§ **Work item**:
The answer must reproduce the listing exactly, with every picture left out.

§ **Raw data**:
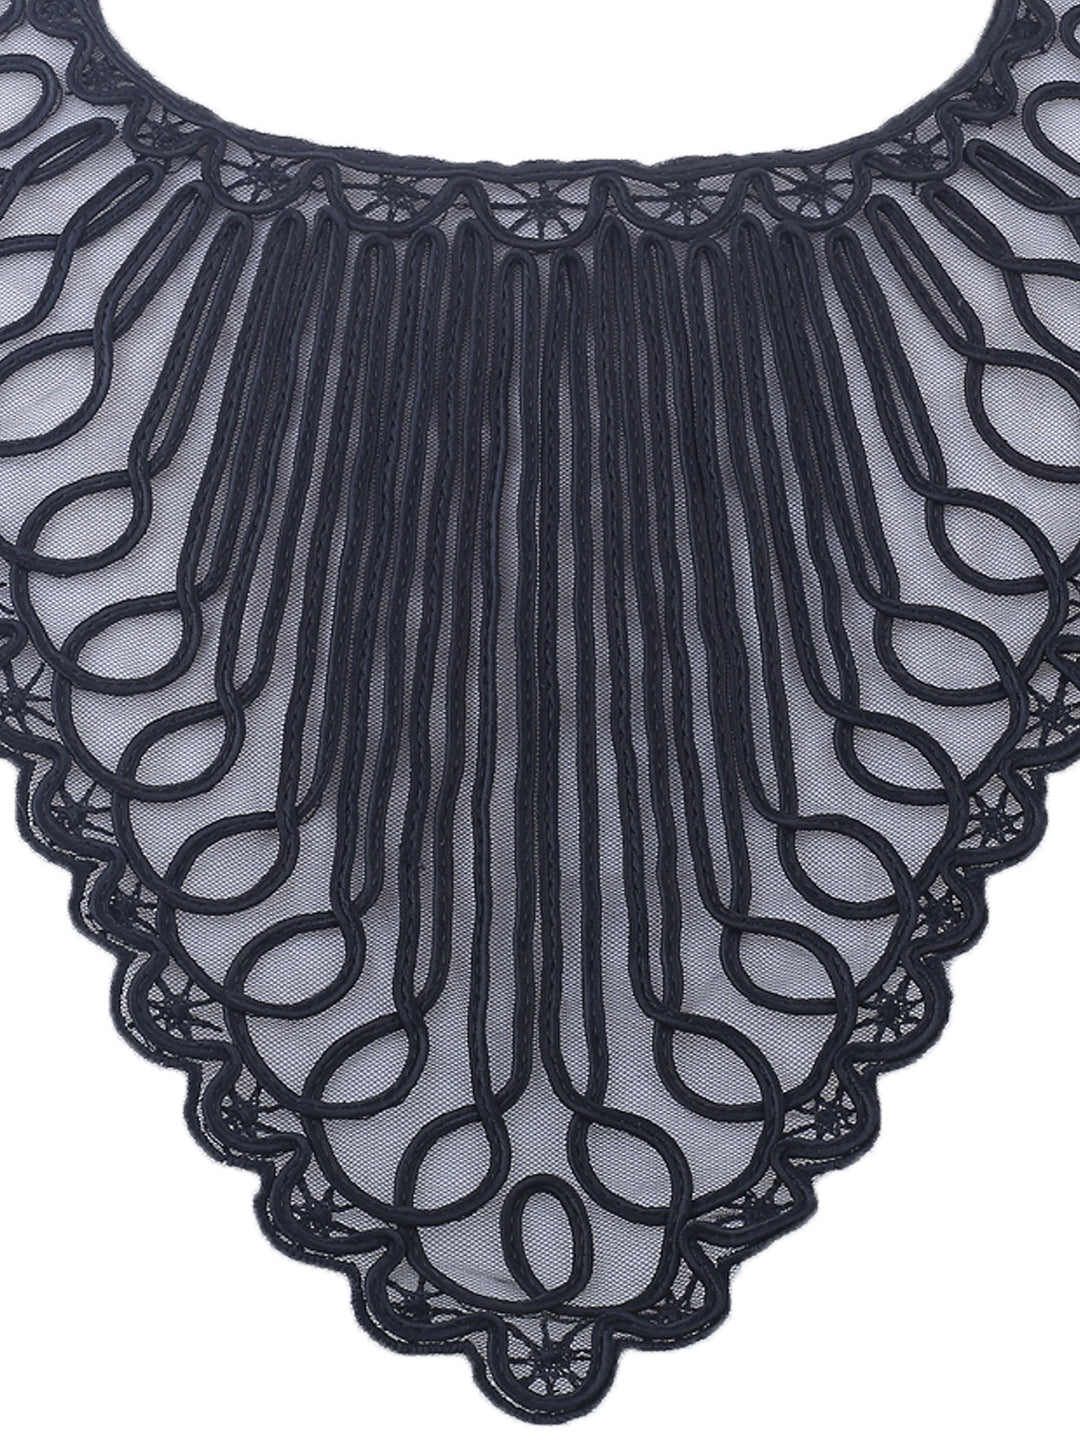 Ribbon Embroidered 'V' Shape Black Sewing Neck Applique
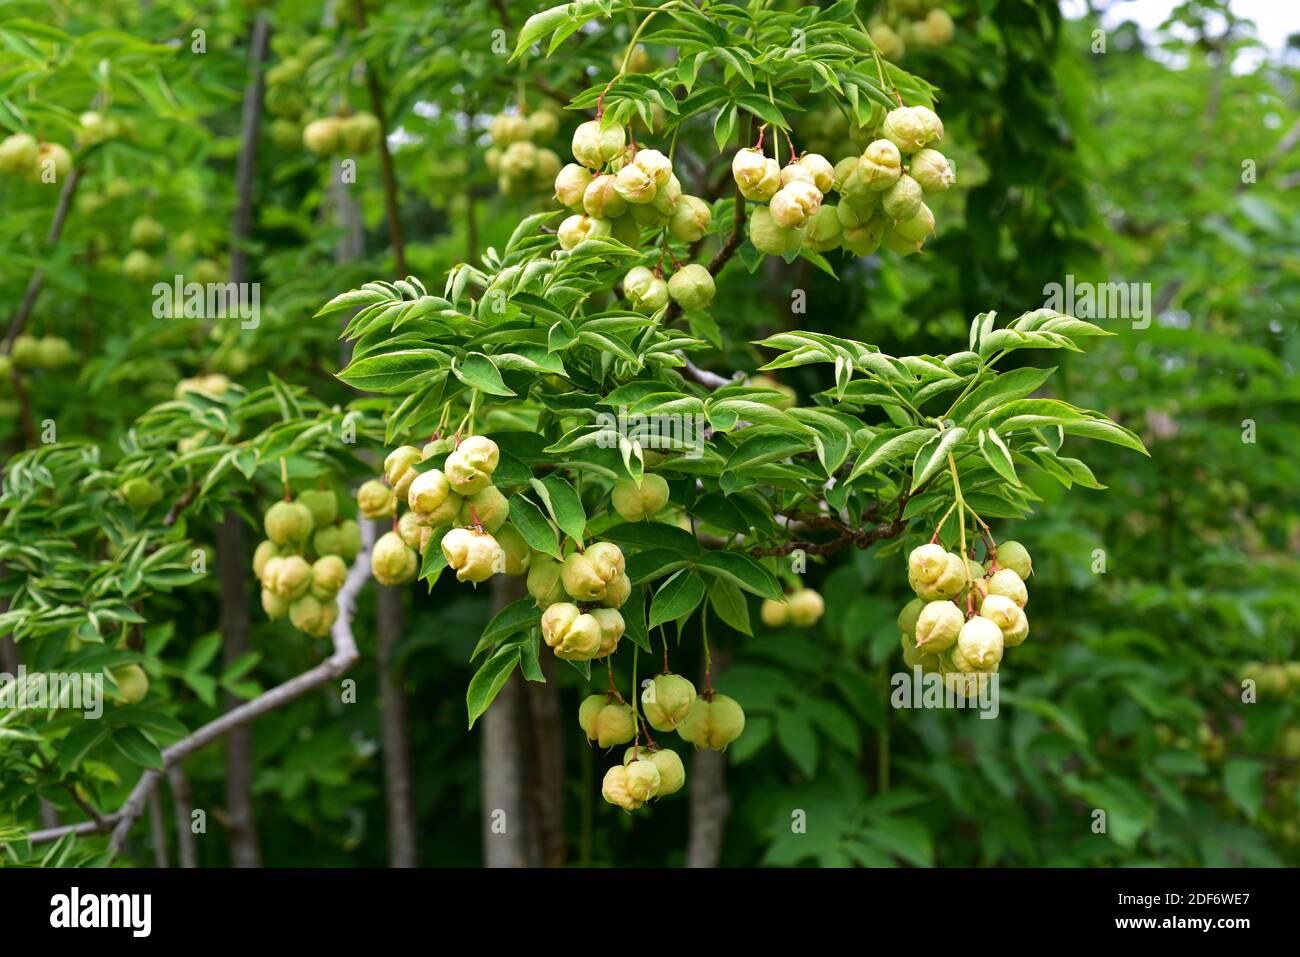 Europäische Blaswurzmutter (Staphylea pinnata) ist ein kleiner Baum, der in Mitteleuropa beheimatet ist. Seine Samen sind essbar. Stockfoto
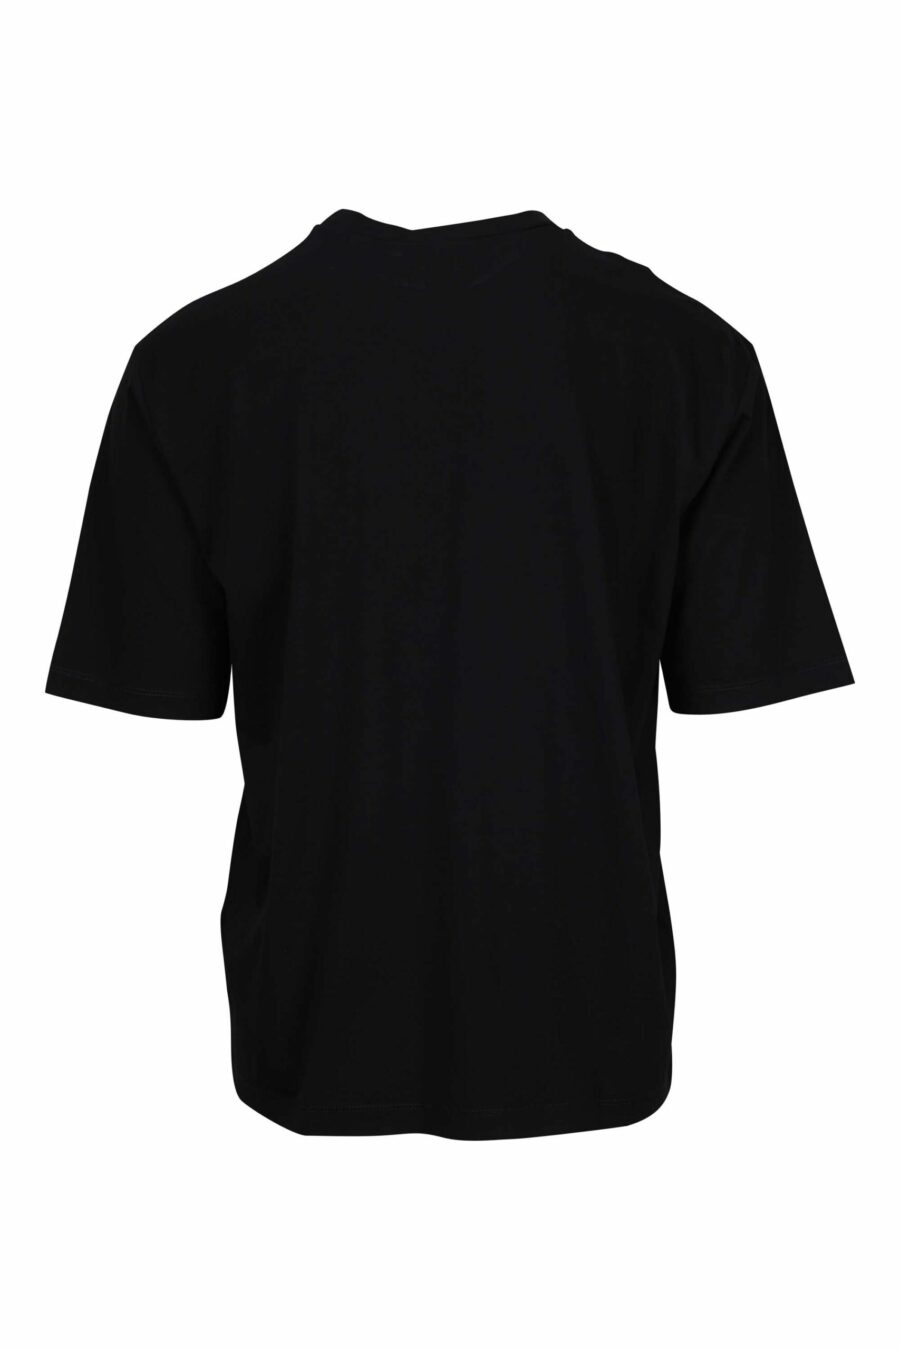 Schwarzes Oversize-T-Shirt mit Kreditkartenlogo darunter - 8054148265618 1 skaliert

§ **Solution to this exercise**:
 Ribbon Embroidered 'V' Shape Black Sewing Neck Applique
 Europäische Blaswurzmutter (Staphylea pinnata) ist ein kleiner Baum, der in Mitteleuropa beheimatet ist. Seine Samen sind essbar. Stockfoto
 Schwarzes Oversize-T-Shirt mit Kreditkartenlogo darunter - 8054148265618 1 skaliert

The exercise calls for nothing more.